🤖 AI Summary
To address the challenges of occluded region perception in autonomous driving caused by sparse and semantically impoverished LiDAR point clouds, this paper proposes the first decoupled conditional diffusion model for Semantic Scene Completion (SSC). Methodologically, it introduces denoising diffusion probabilistic models to SSC for the first time, innovatively decoupling the diffusion processes for geometric point-space reconstruction and semantic label prediction. A local-global regularization loss is designed to enhance generation stability, while multi-scale feature modeling and semantic consistency constraints are integrated. Evaluated on benchmark datasets—including SemanticKITTI and nuScenes—our approach achieves state-of-the-art performance across all three core metrics: completion completeness, geometric accuracy, and semantic consistency, significantly outperforming existing methods.
📝 Abstract
Perception systems play a crucial role in autonomous driving, incorporating multiple sensors and corresponding computer vision algorithms. 3D LiDAR sensors are widely used to capture sparse point clouds of the vehicle's surroundings. However, such systems struggle to perceive occluded areas and gaps in the scene due to the sparsity of these point clouds and their lack of semantics. To address these challenges, Semantic Scene Completion (SSC) jointly predicts unobserved geometry and semantics in the scene given raw LiDAR measurements, aiming for a more complete scene representation.
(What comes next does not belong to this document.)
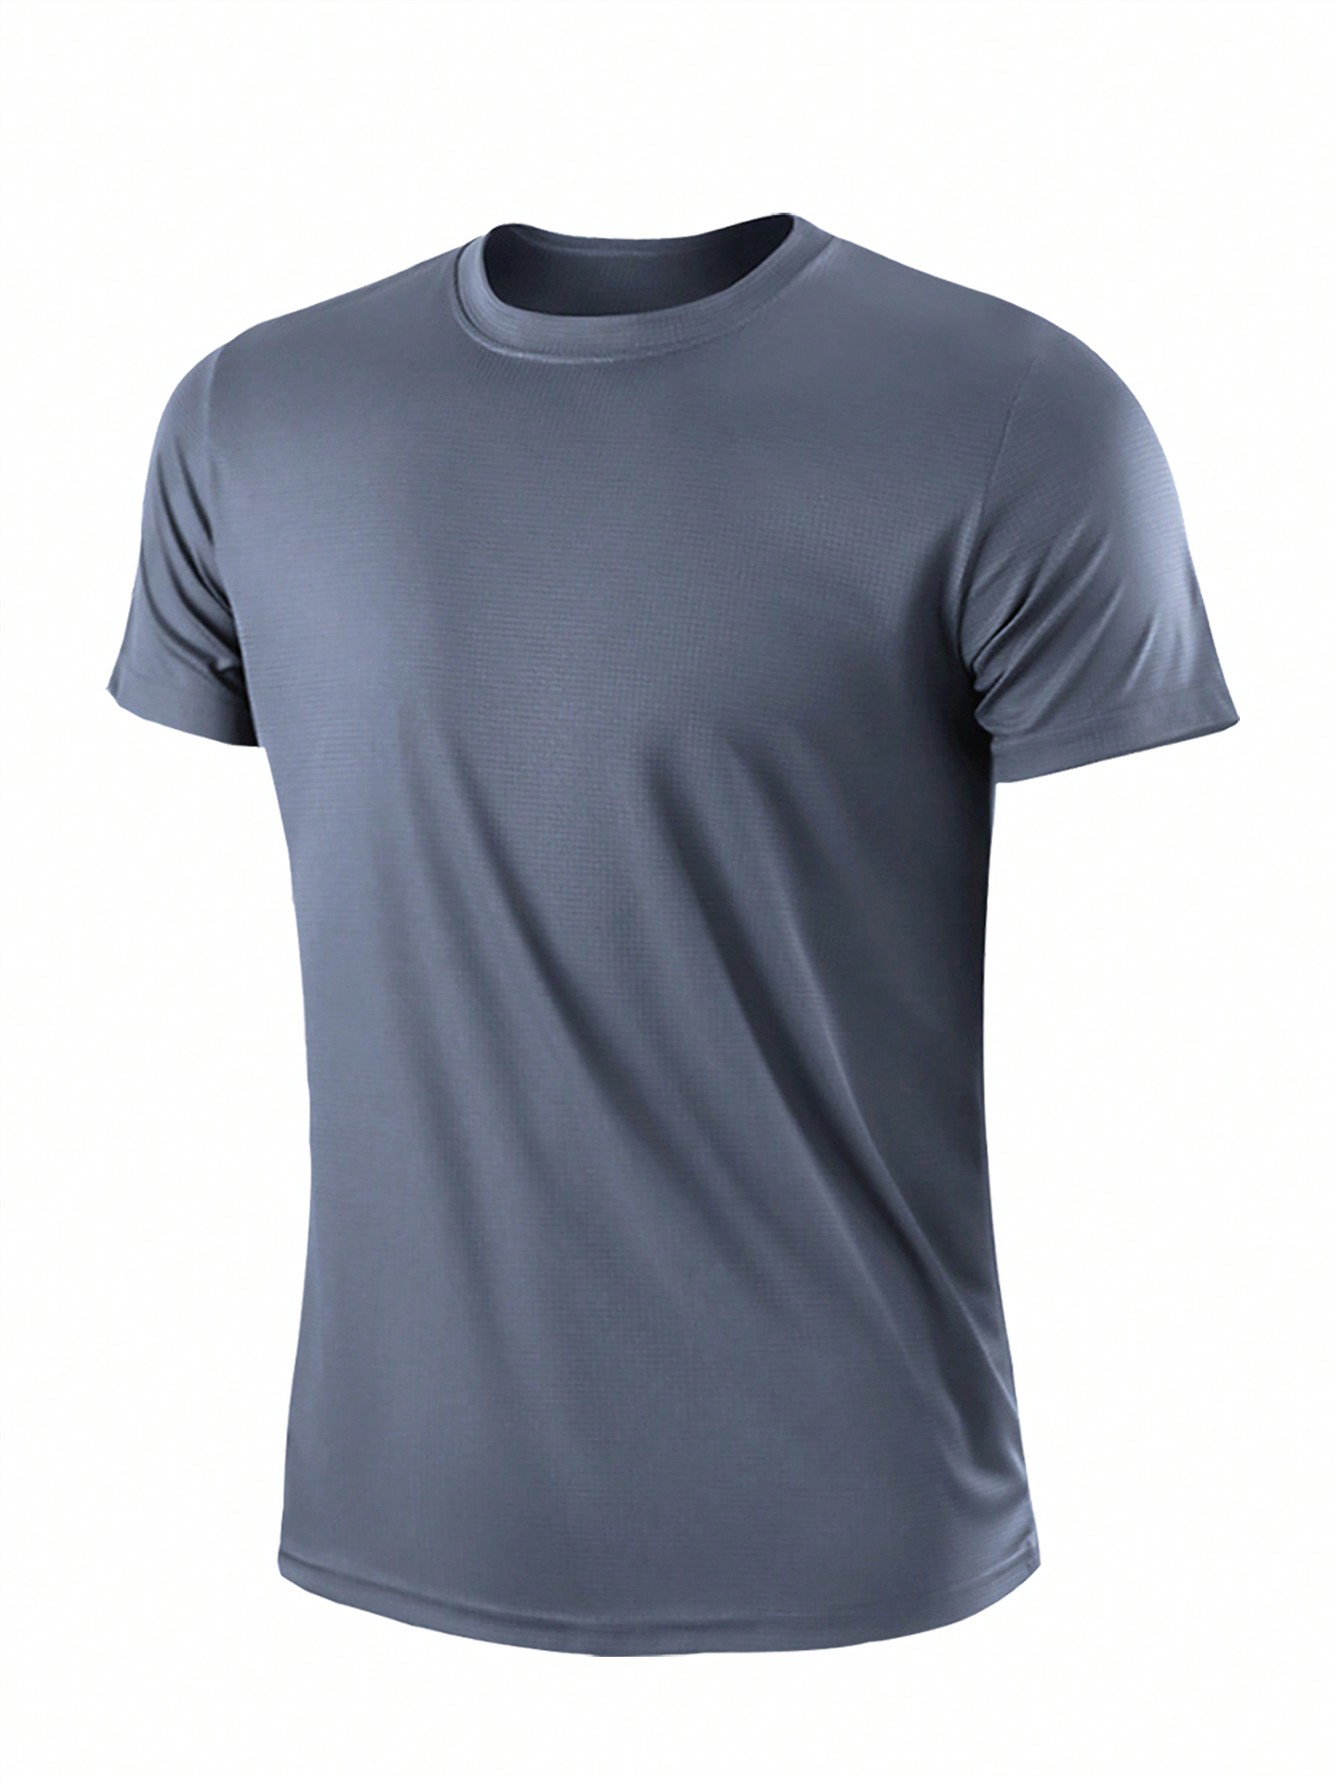 2 шт. комплект свободных футболок с короткими рукавами для тренировок и бега для мужчин, серый

Building on promising results of diffusion models in image generation and super-resolution tasks, we propose their extension to SSC by implementing the noising and denoising diffusion processes in the point and semantic spaces individually. To control the generation, we employ semantic LiDAR point clouds as conditional input and design local and global regularization losses to stabilize the denoising process. We evaluate our approach on autonomous driving datasets and our approach outperforms the state-of-the-art for SSC.